Fitter

Spring                                                       Waxing Flower Moon

Kate called from the Northstar.  She arrives in Anoka at 5:52.  She took the light rail to Target Field and caught the train home from there.  Feels like living in Connecticut.  I’m glad to have her home.  This is a two-person house and needs both of us to make it run smoothly.

Got the results of the fitness assessment I did last week.   The heart rate thresholds were not very dissimilar from the ones I had been using, though the max is about 10 beats higher and the mid-range of low is about 3 beats higher.  I got some good recommendations on how to modify my aerobic work and, as I hoped, the whole experience gave me a jump start back to the more comprehensive workout I had been doing before Christmas.  It involves flexibility, muscle warmup and stretching and resistance.  I kept faith with the cardio, but I’d let the other stuff slide.

Spread more compost and worked it in.  I’m almost ready to plant.  In fact I may plant tomorrow morning before I amend the soil in the next bed, the one with the garlic and the lilies.  The garlic and onions and parsnips look healthy, as does the asparagus and the strawberries.  The bed for the leeks and the sugar snap peas and the bok choy needs some weeding and some soil amending, too.  In the next day or two I should have all the transplants and seeds in that go in now.  Just got word that the potatoes are on their way, so I have to get some more composted manure for the potato/bush bean bed.
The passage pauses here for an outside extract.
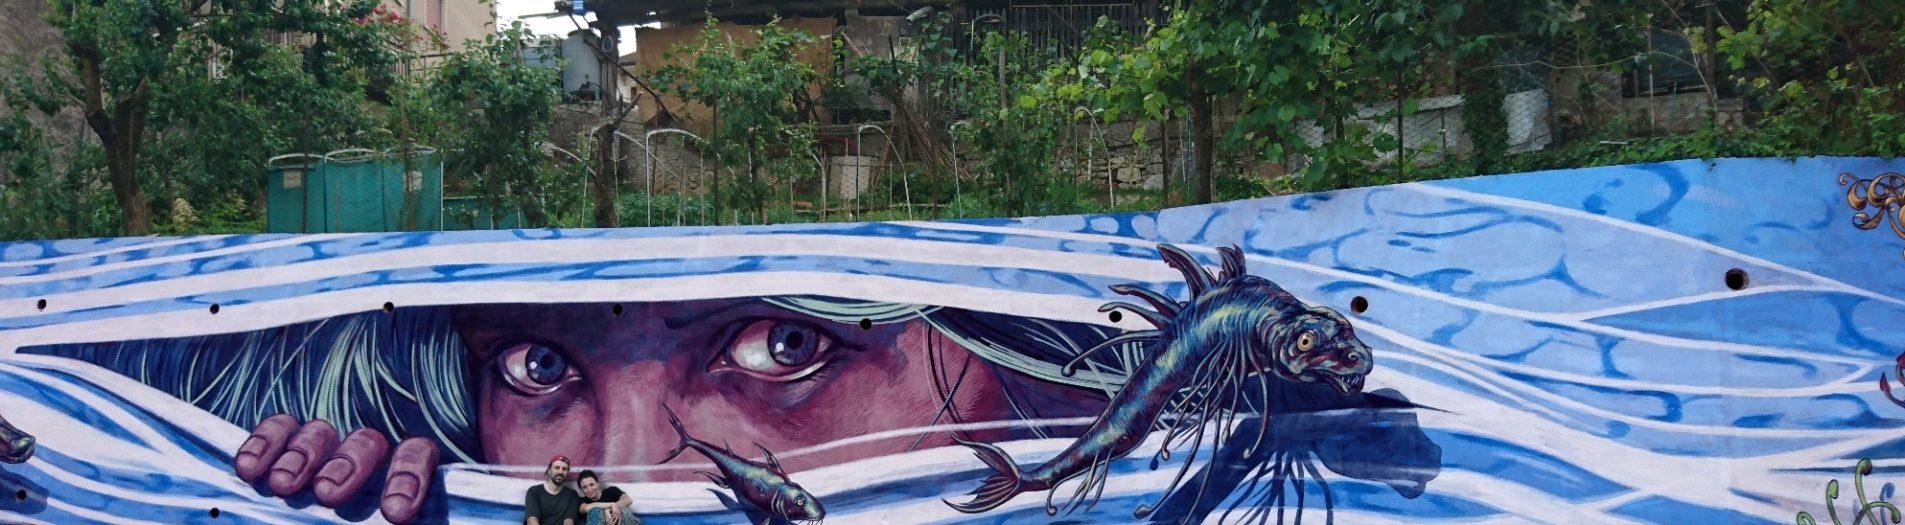 Anguane e pesci abissali a Crespadoro

Last night I did research on four of the ArtRemix objects and I’ll finish all 8 of them before Friday.  The tour itself is not until May 7th.  Thrashing around the enlightenment, romanticism, modernism, Liberalism, post-modernism, Vico and Rousseau.  I want to arrive at a synthesis between enlightenment thought and the thought of its primary critics, those in the romantic family of thinkers:  Rousseau, Hegel, Kant, Vico, Burke, Hume.  Maybe somebody else has done it, but I want to do it my way.

The Great Wheel

Spring                                              Waxing Flower Moon

As spring winds down toward Beltane on May 1st, the green up has taken on an accelerated pace.  We have leaves on trees like the Amur Maples, ash and feathery new leaves on the oaks as well.   The daffodils and tulips have brightened our April for some weeks now.  The more integrated I become to this property and its transitions, the more I can layer them in my head.  That is, as this moment of greening and flowering promises a new season, the needed resurrection of the plant world, I can also see late August and September when the florescence begins to yield to brown, to decay, to dieing back.  The two are not polar opposites but places on a continuum that extends not only from season to season but from year to year, decade to decade, century to century.

This layered sensibility is one of the privileges of staying in place, where the rhythms of the land call different things out of me.   As Rachel Carson said, “There is something infinitely healing in the repeated refrain of nature–the assurance that dawn comes after night, spring after winter.”

This rhythm, the Great Wheel, teaches us about our experience of life, about life’s ongoing struggle against entropy, a struggle always lost, yet a struggle always valiant and often joyful even though destined to end in tragedy.

I hope your life has a springtime right now, one in which the trees have begun to leaf out, the daffodils have bloomed and the first vegetables have started their journey toward your table.